| Łowcy Skarbów
| |
| Autor: Fifix
RPG Maker: VX Wersja: Pełna Gatunek: Przygodowa Język: Polski Rozmiar: 4,24 MB Ocena: 4/10
Informacje dodatkowe: - Brak
| | |
| DOWNLOAD | DYSKUSJA FORUM | |
Hmm... Nie mogę się skupić na pisaniu recenzji... Trudno, napiszę to co wyjdzie.
Łowcy Skarbów... Pierwsza gra na VX do której piszę reckę... Niestety nie jest dobrze... Ale, fatalnie także nie jest więc mogło być gorzej. Do rzeczy.
Gra zaczyna się na wyspie Santigos, która jest samouczkiem. Wyjaśnia podstawowe komendy i możliwości gry. Nie sądzę by komuś się przydał, ale lepsze to niż nic.
Naszym celem na Santigos jest odnalezienie legendarnego skarbu, zakopanego przez piratów którzy skolonizowali tą wyspę (Piraci kolonizują zamiast rabować?).
Po kilku wskazówkach odnajdujemy skarb i kończymy samouczek. Teraz możemy wyruszyć na Wyspę Czaszek! Ale czym jest ta wyspa? Niczym innym jak tylko wyborem planszy, ponieważ cała gra skłąda się tylko z plansz (nazwanych wyspami) na których musimy wykonać zadanie.

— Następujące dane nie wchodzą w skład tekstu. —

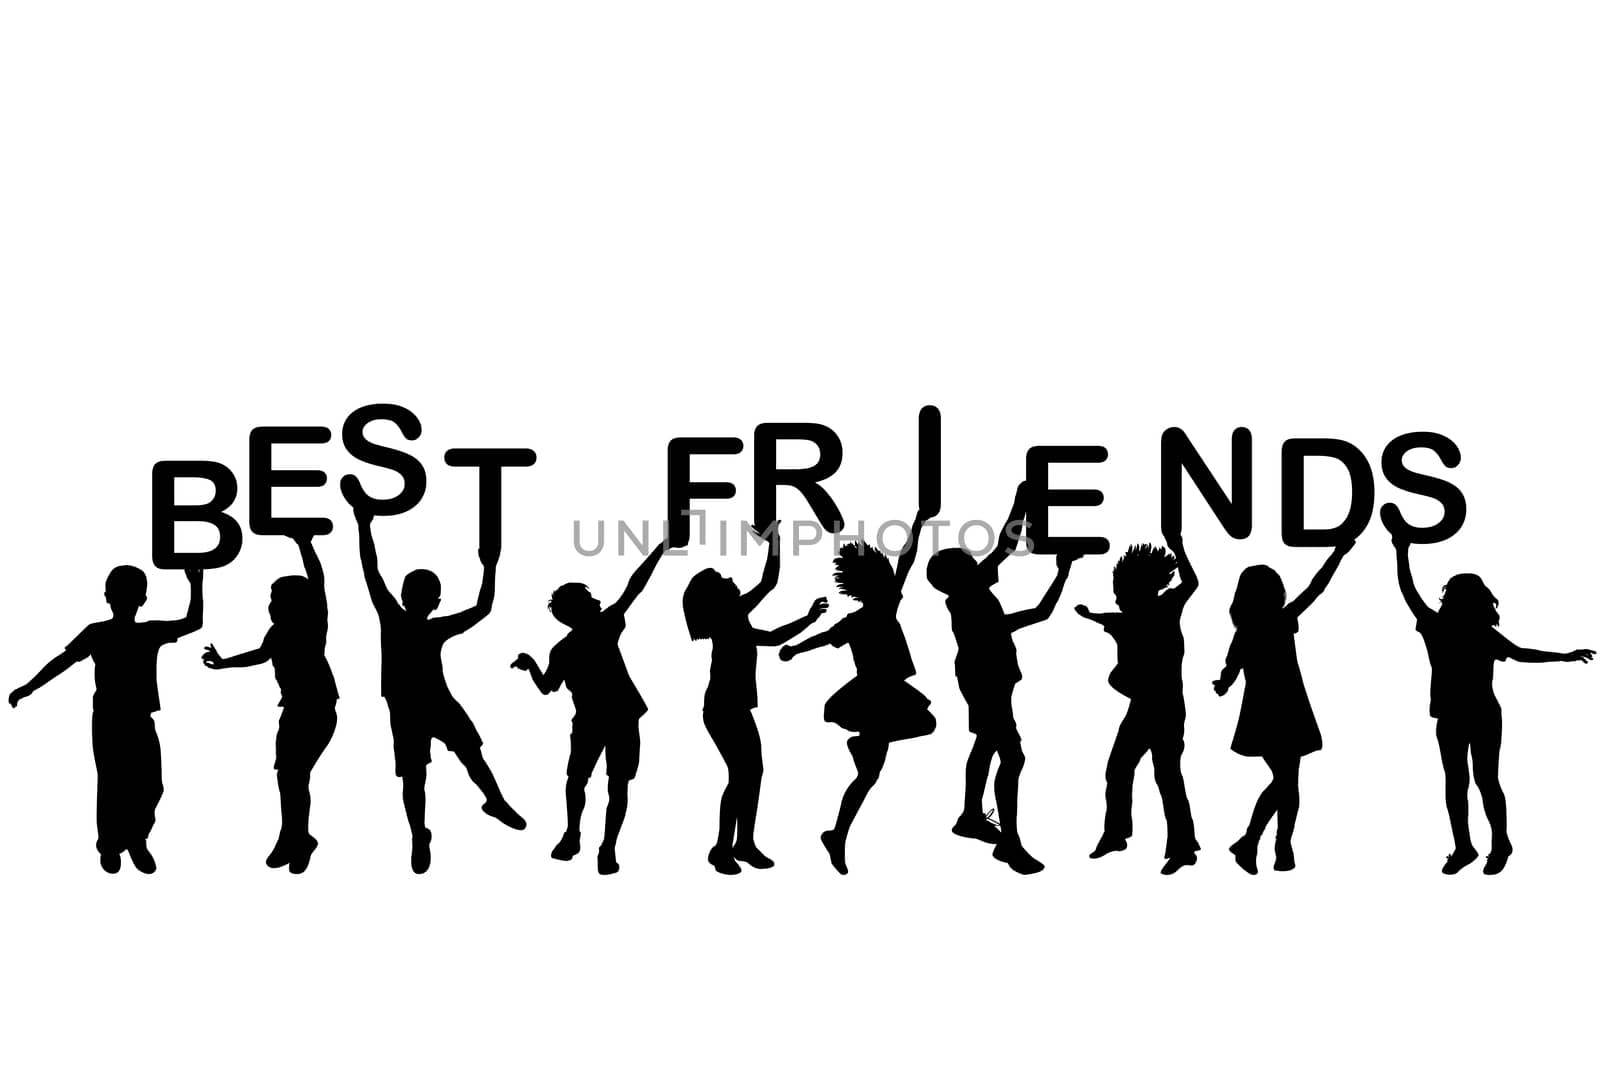 Children silhouettes holding letters building the words BEST FRIENDS

Po wykonaniu zadania na wyspie, zdobywamy nagrodę i kolejną wyspę do zwiedzenia. Tyle wystarczy o gameplay'u. Czas zająć się poszczególnymi aspektami gry na osobno.
Zacznę od czegoś o czym powinienem wspomnieć wcześniej... Mianowicie, ta gra nie jest grą RPG... Jaki to gatunek? Nie jestem pewien. Może Zręcznościowo-Logiczna? W każdym razie...

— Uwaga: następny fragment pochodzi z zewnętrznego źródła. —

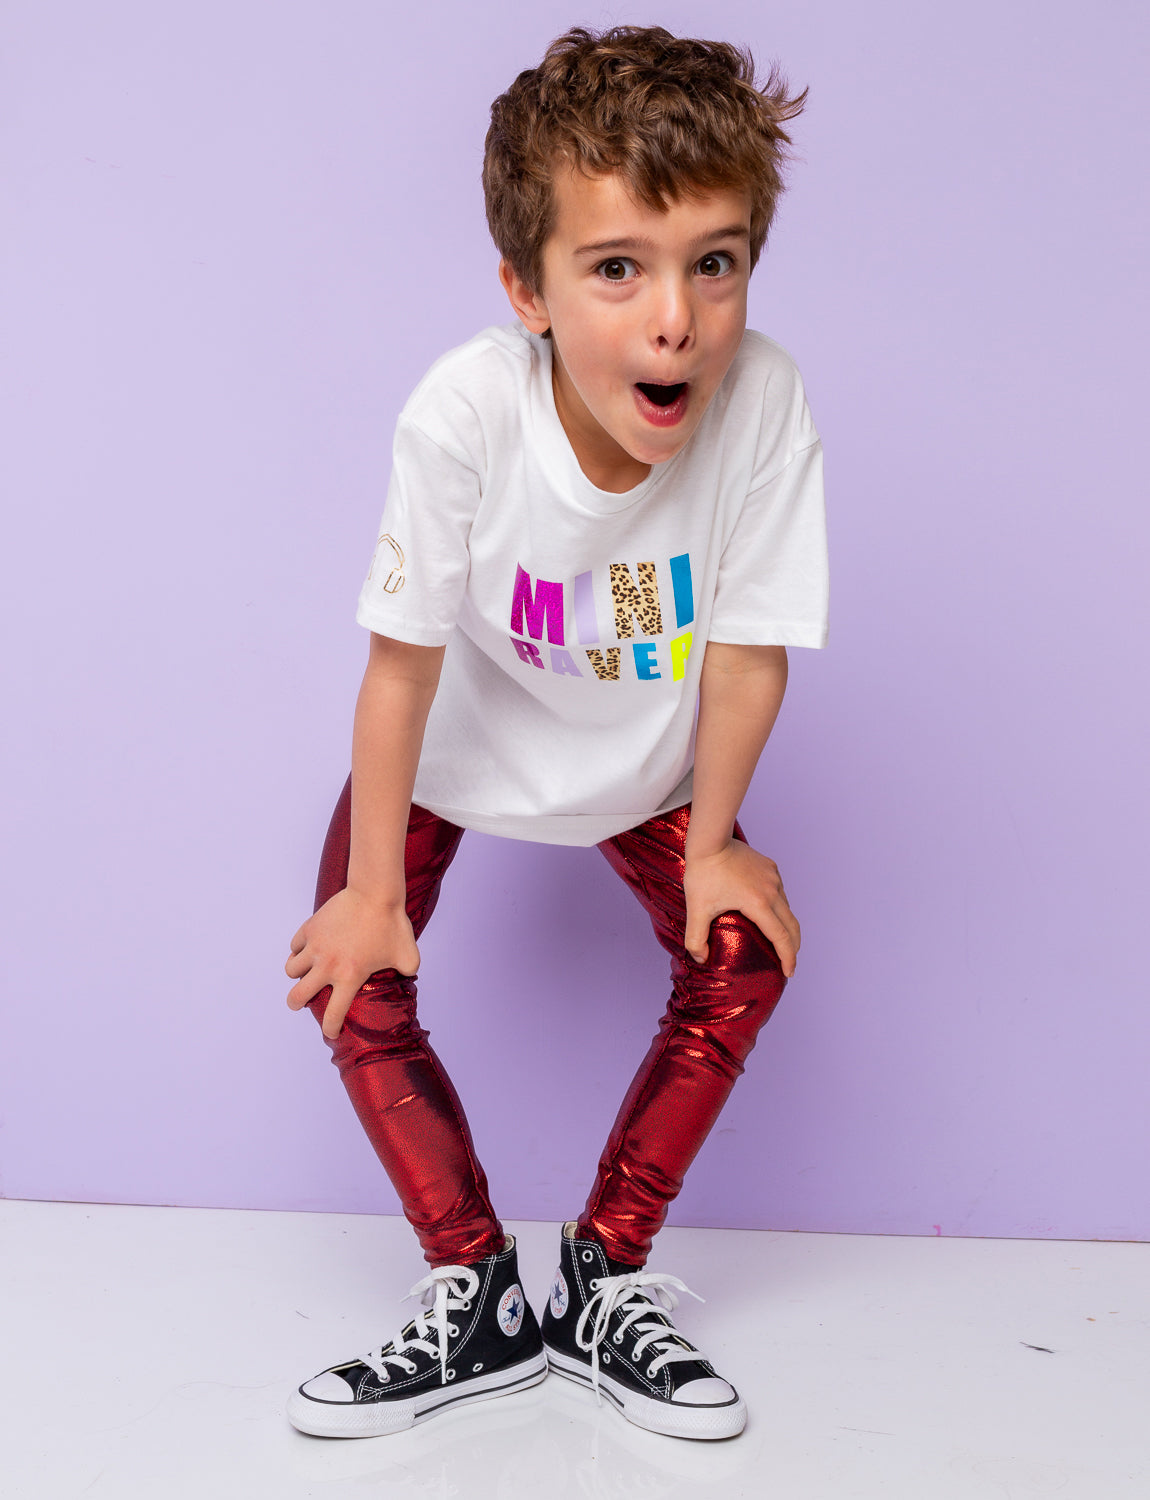 Boy modelling metallic red leggings and a white t-shirt with balck Converse trainers.

Fabuła. A właściwie jej brak. Jedyne co wiemy to to że nasz bohater jest kapitanem statku i poszukuje zaginionych skarbów. Jak wspomniałem powyżej nie jest to gra RPG, ale fabuła nikogo by nie zabolała, prawda? Za to duży minus.
Mimo że gra nie posiada fabuły, to szukanie skarbów na kolejnych wyspach jest w jakiś sposób wciągające. Tu i tam trzeba trochę pomyśleć, czasami pozbierać pieniądze, potem znowu pomyśleć, pogadać... To jest najsilniejszy aspekt gry. Nie znaczy to że nie ma w tym żadnych minusów... Są. 2 wielkie minusy...
Primo, wyspy są niewielkie i bardzo łatwo zakończyć na nich misję. Secundo, gra jest niewiarygodnie krótka. Przejście jej zajeło mi 20 minut.
O muzyce niewiele można powiedzieć. Głównie u twory z RTP, ale znajdzie się też kilka niestandardowych. Najbardziej denerwujący jest brak muzyki na samouczku, ale (na szczęście) samouczek jest krótki.
Grafika to tylko standard RTP. Mnie tam żadne RTP samo z siebie nie razi, nigdy grafika nie była dla mnie zbyt istotna, aczkolwiek wypadałoby coś o niej napisać. Póki co nie ma dużo wzorców co do mappingu w VX, ale myślę że jest w większości map dobry. Widać że autor starał się robić te mapki, a więc za grafikę też leci plusik.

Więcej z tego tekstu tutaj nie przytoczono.